I've written it three ways, which can be used as separate versions, or combined as verses. The first, mostly chords, sounds good on a flat-top guitar, played with a pick, or on a classical guitar, strummed with the thumb. The second one cannot be played with a pick, but sounds really "classical" when pinched, especially if you use the fingernails or finger picks. Play it near the bridge for an even more brilliant sound.
The third verse includes lots of "extra" notes to emphasize the 8/8 tempo. I like playing in 8/8, as all the notes are the same length. The "extra" notes are mostly drones in the bass. You can leave out any of them you like, but remember to lengthen the other notes, or the tempo will suffer.
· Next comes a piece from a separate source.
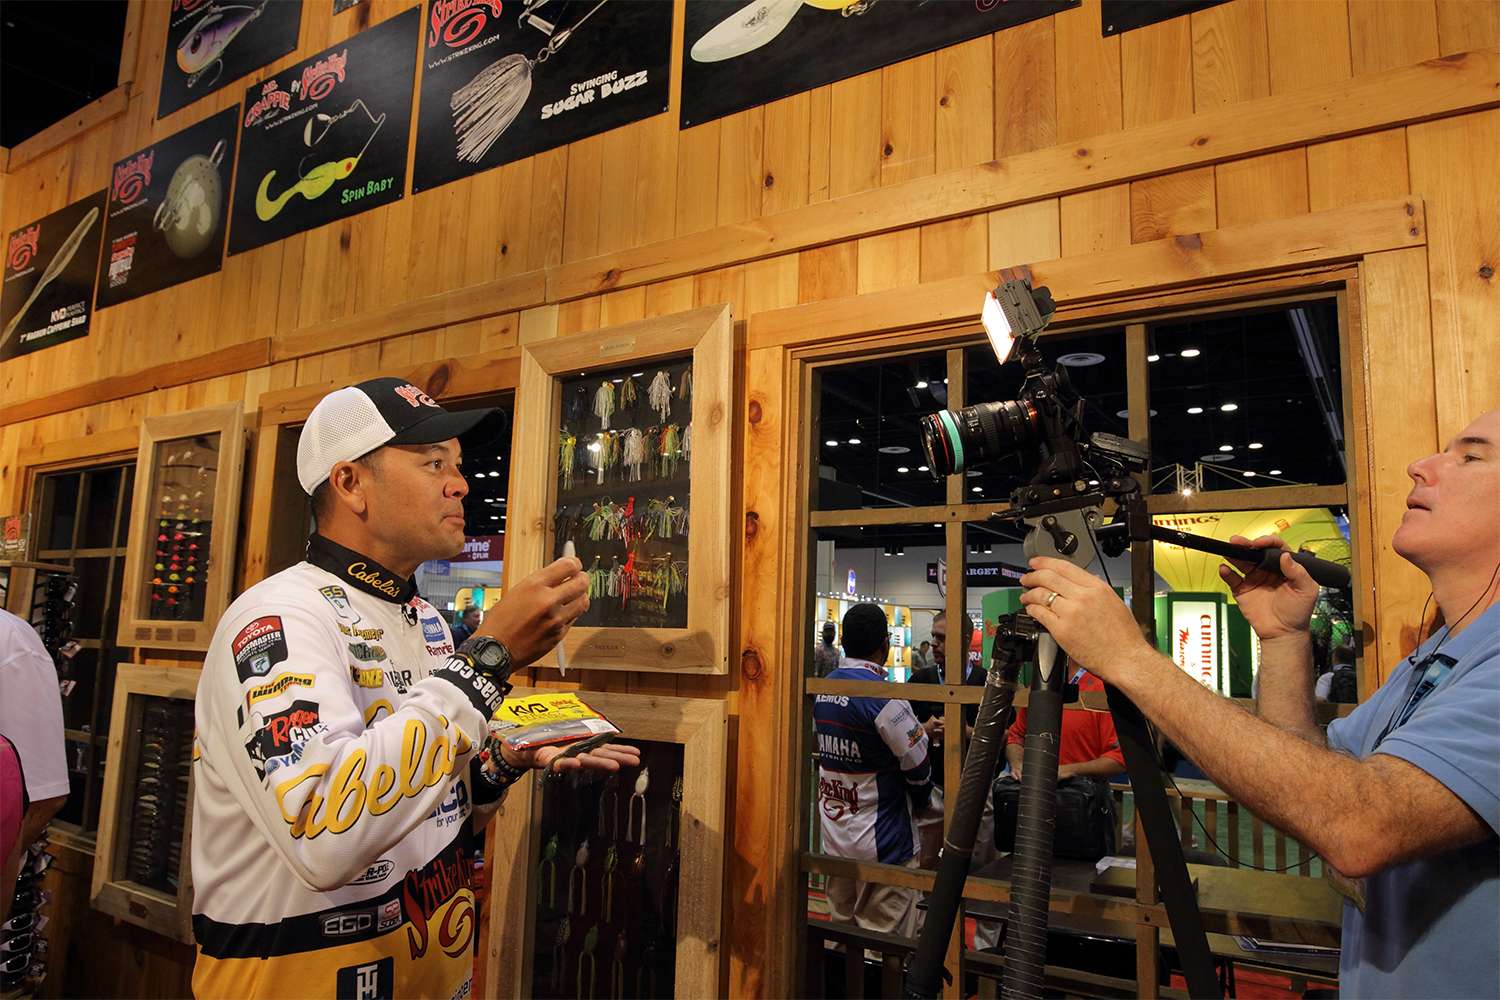 James Niggemeyer films at a busy Strike King booth.

If all you want is the melody, play the 3rd version, except:
1. Leave out all the notes on the 4th, 5th and 6th strings (the drones)
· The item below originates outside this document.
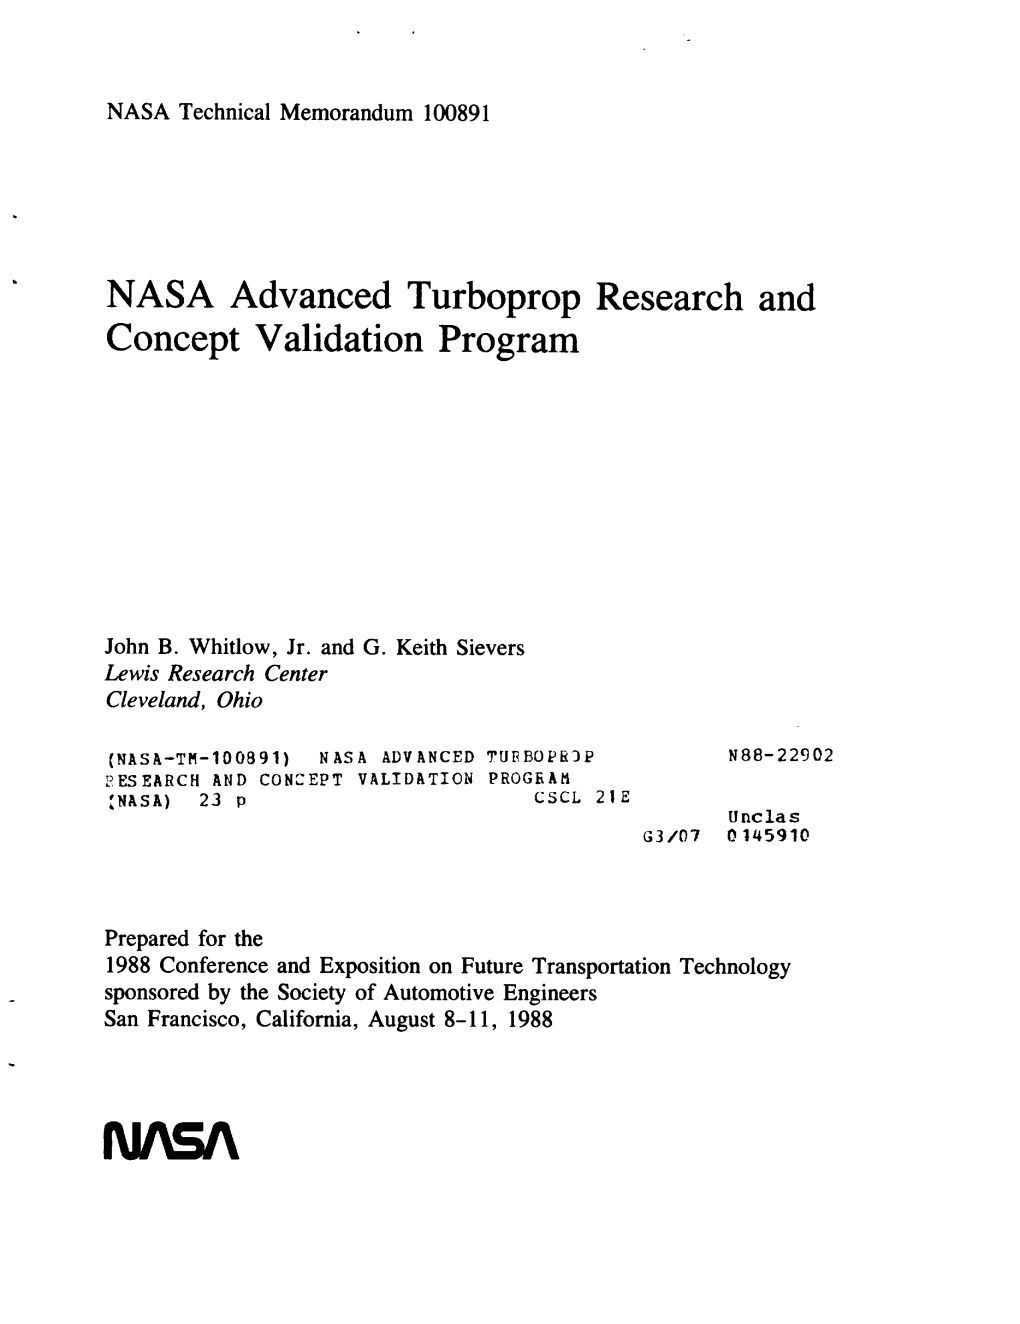 NASA Advanced Turboprop Research and Concept Validation Program

2. Play only the 1st and 7th notes in the 5th measure (GIII)
3. In the next-to-last measure, play only the 1st, 3rd, 5th, and 7th notes
4. In the final measure, play only the 1st note.
This is actually a pretty easy hymn to play. If the CIII chord gives you trouble, you can substitute a regular C chord, but it'll make the transition to the next chord harder-- that's why I used the barre chord.